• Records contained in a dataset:
***

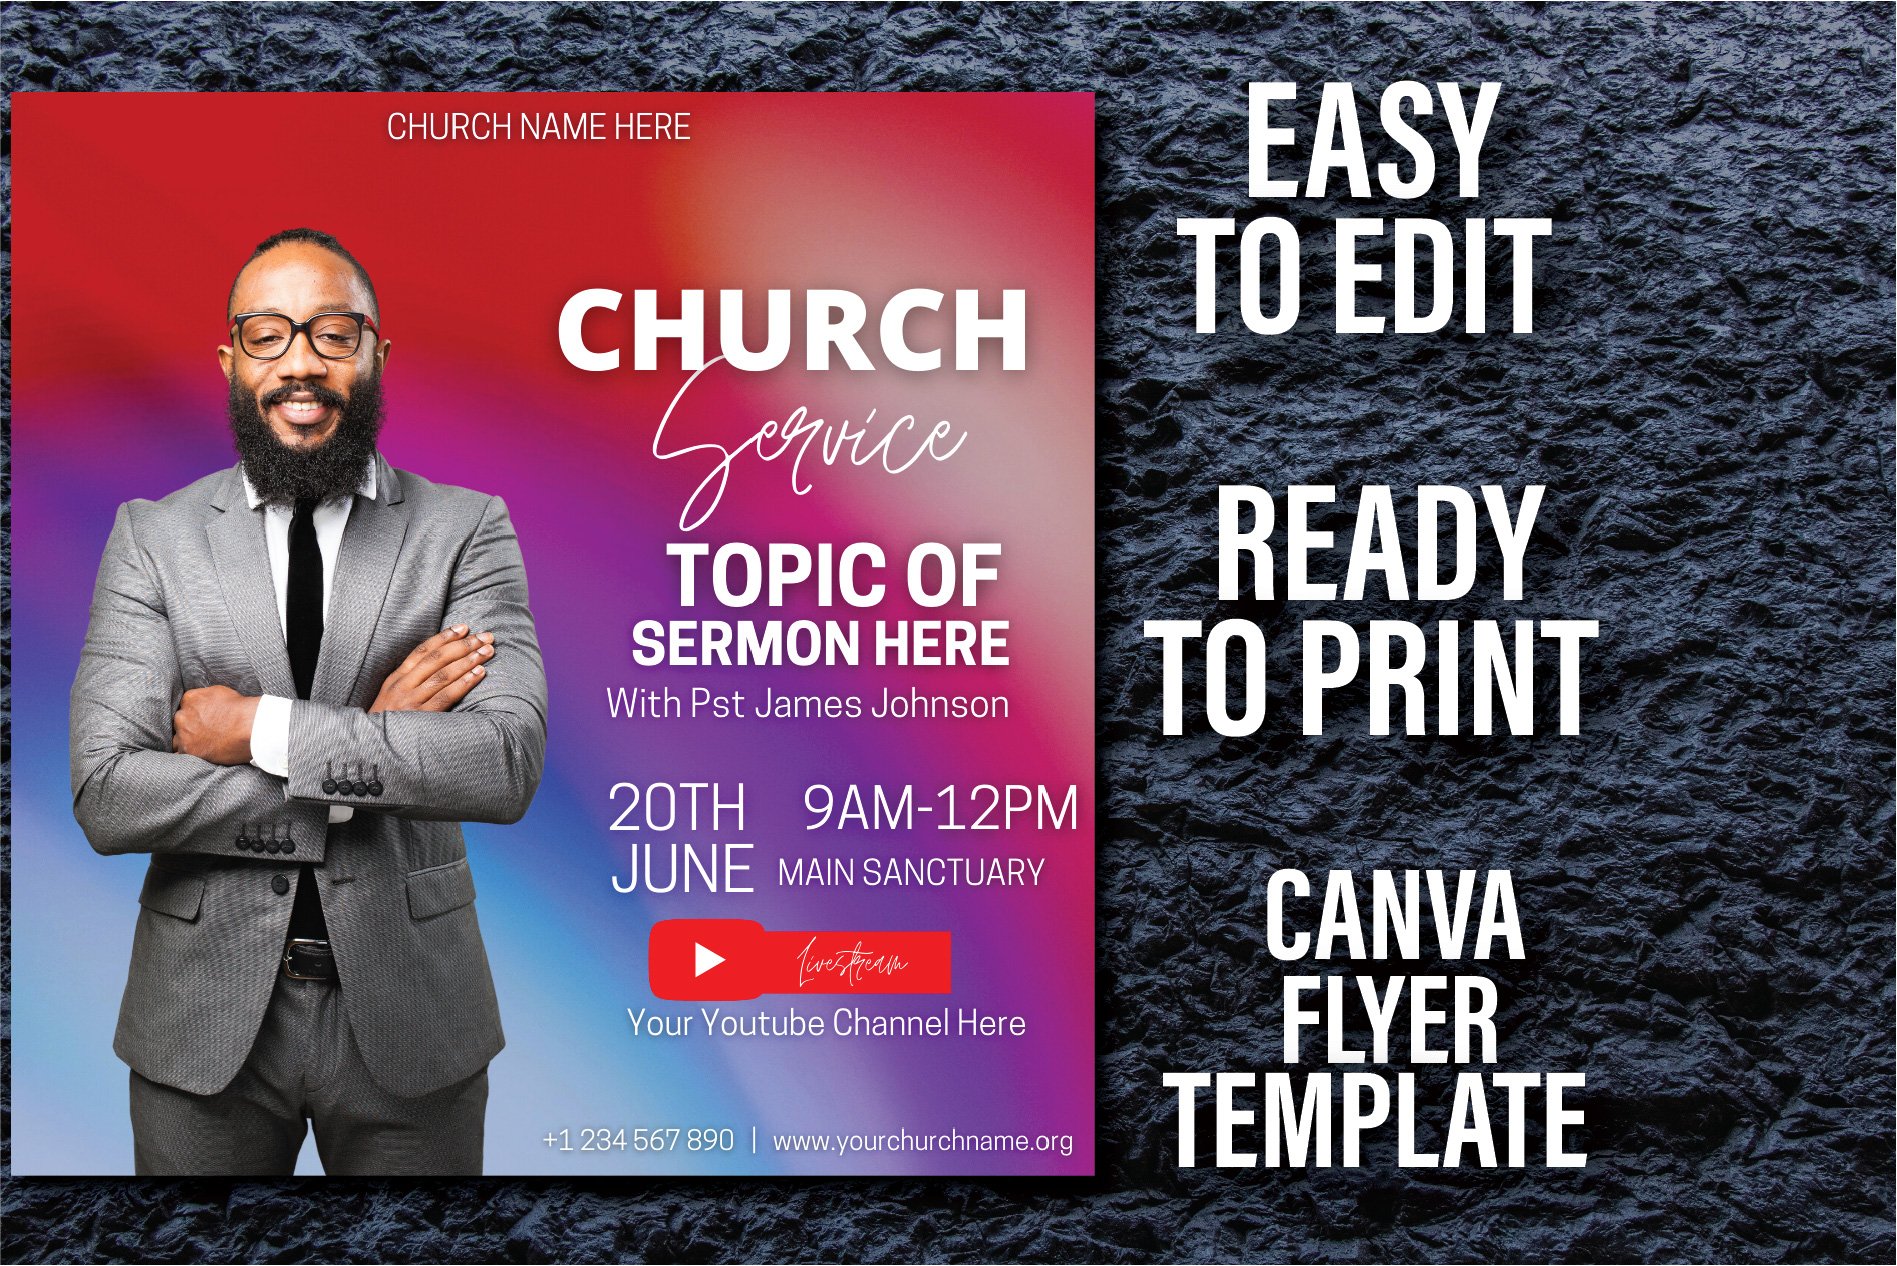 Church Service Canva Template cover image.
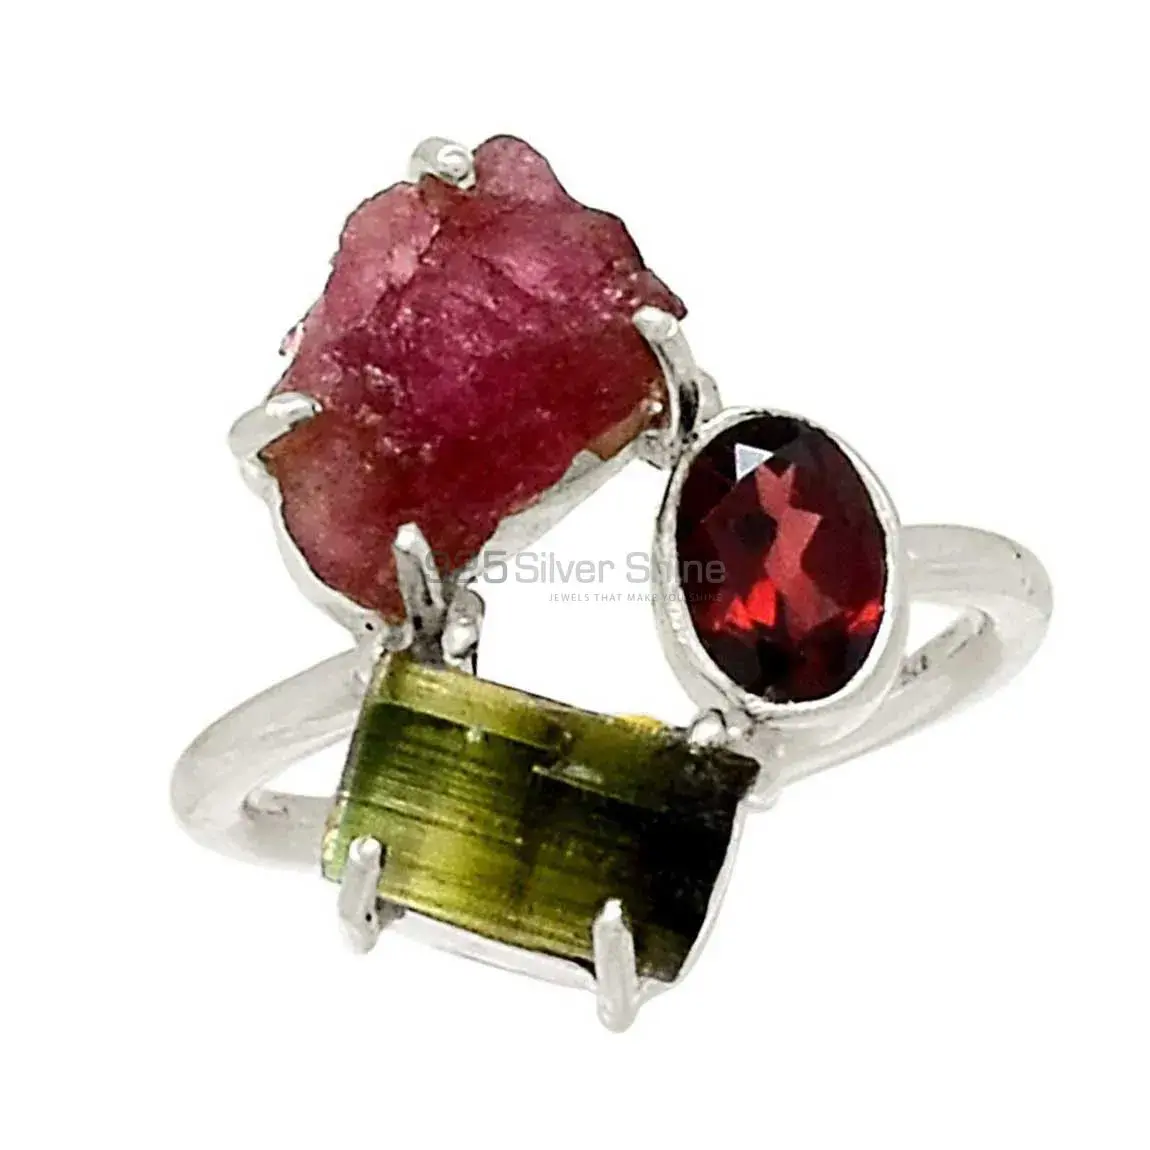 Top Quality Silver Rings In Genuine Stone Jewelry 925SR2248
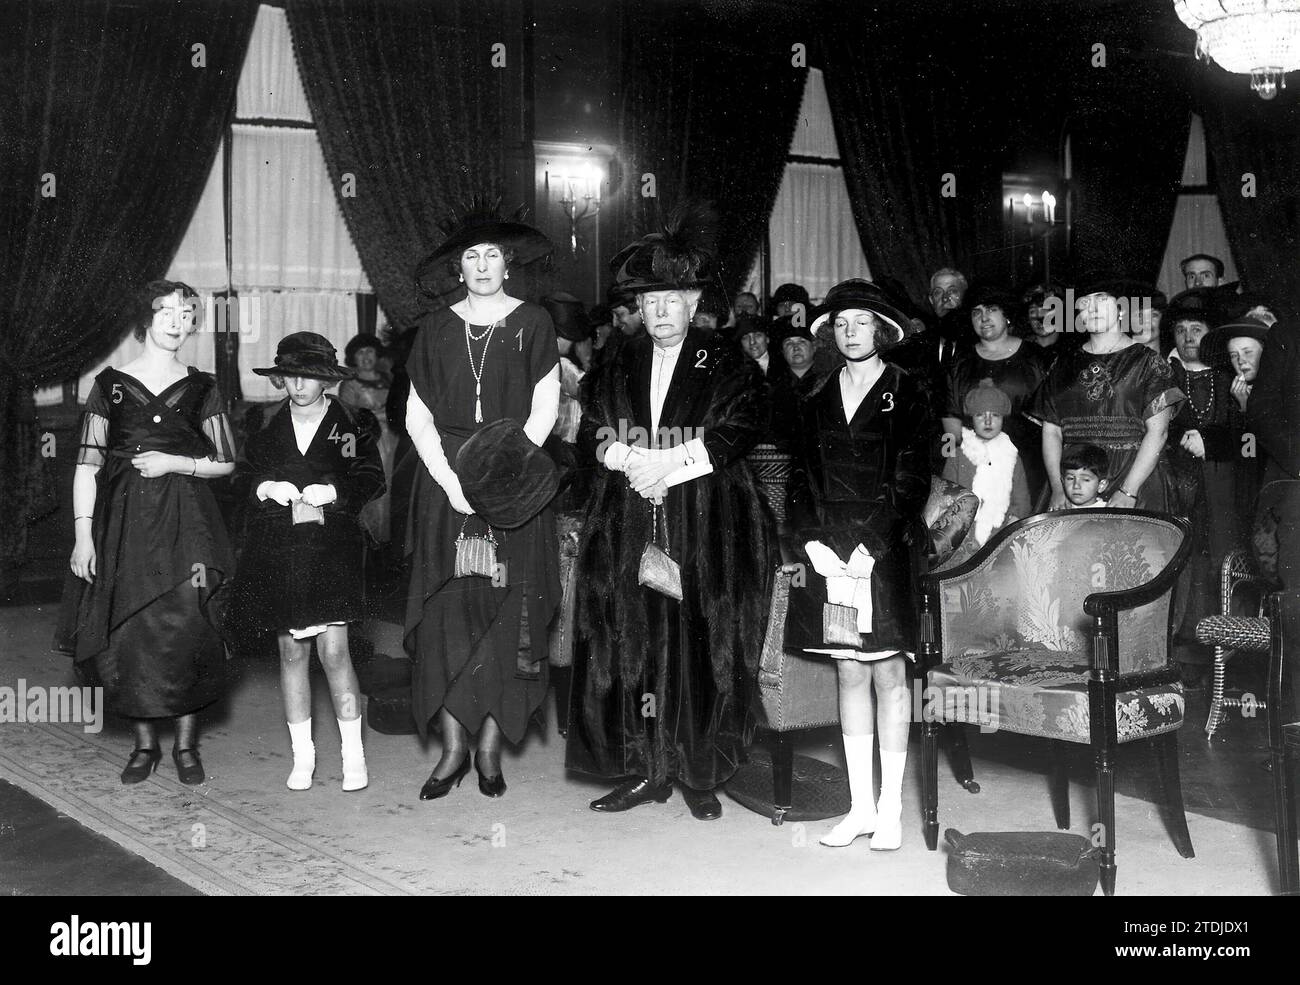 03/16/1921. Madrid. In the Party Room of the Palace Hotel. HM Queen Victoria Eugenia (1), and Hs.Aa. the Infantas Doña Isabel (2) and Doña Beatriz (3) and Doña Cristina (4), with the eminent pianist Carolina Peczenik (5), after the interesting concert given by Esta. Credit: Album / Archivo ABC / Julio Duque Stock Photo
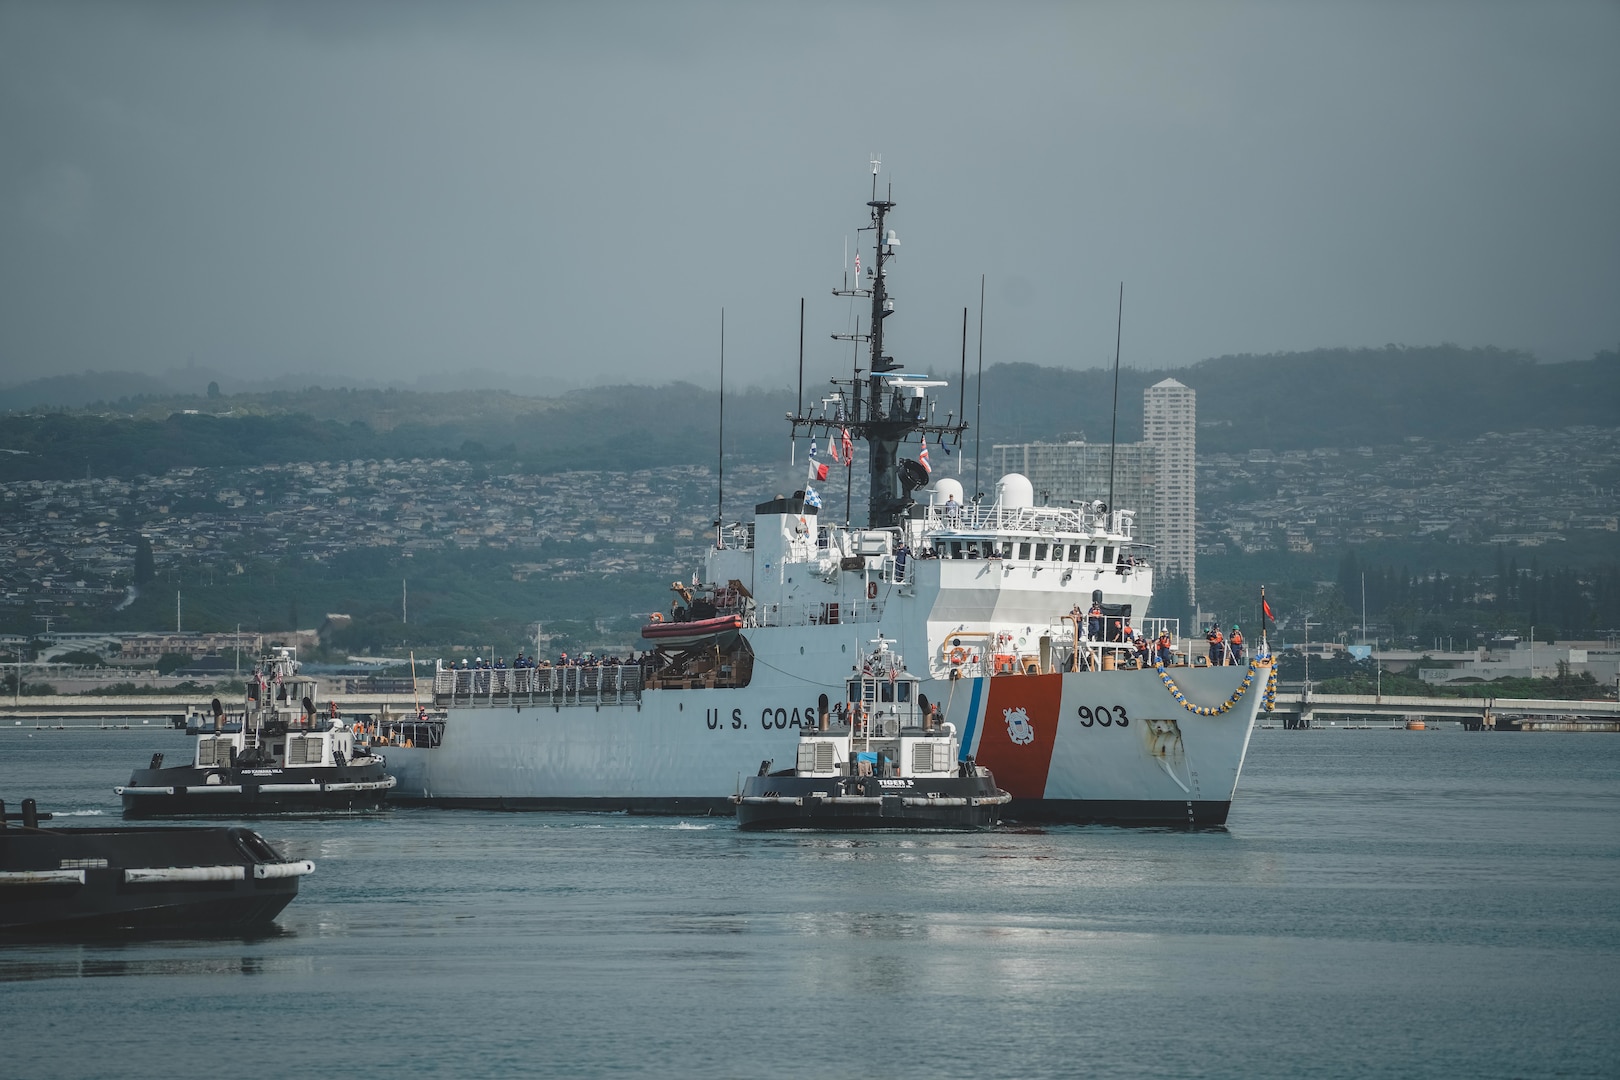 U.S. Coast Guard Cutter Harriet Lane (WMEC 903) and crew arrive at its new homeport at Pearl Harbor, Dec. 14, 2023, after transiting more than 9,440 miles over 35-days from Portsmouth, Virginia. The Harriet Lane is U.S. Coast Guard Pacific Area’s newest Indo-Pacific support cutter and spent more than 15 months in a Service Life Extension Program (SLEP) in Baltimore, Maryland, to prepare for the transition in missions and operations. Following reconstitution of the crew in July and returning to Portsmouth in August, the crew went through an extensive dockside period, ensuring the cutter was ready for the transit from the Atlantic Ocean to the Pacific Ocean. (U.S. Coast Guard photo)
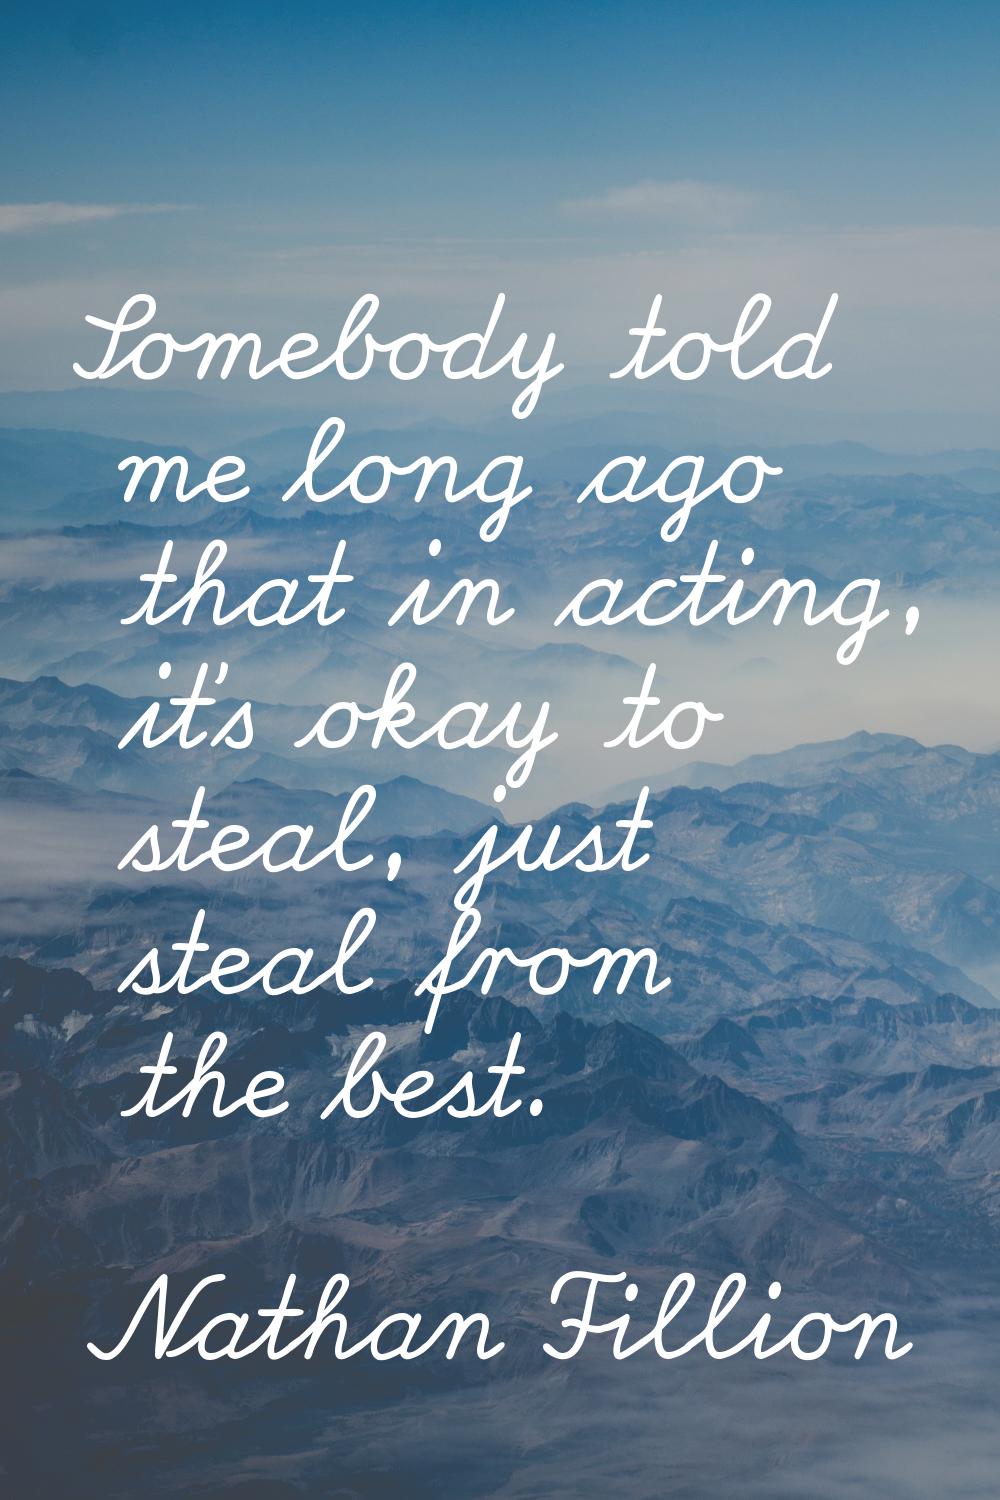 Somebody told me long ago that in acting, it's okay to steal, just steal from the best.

***

• TASK TO COMPLETE: The answer should contain only the lines from the start of the records above through the line with "03/16/1921. Madrid. In", copied exactly, and no pictures.

• EXERCISE ANSWER:
 Church Service Canva Template cover image.
 Top Quality Silver Rings In Genuine Stone Jewelry 925SR2248
 03/16/1921. Madrid. In the Party Room of the Palace Hotel. HM Queen Victoria Eugenia (1), and Hs.Aa. the Infantas Doña Isabel (2) and Doña Beatriz (3) and Doña Cristina (4), with the eminent pianist Carolina Peczenik (5), after the interesting concert given by Esta. Credit: Album / Archivo ABC / Julio Duque Stock Photo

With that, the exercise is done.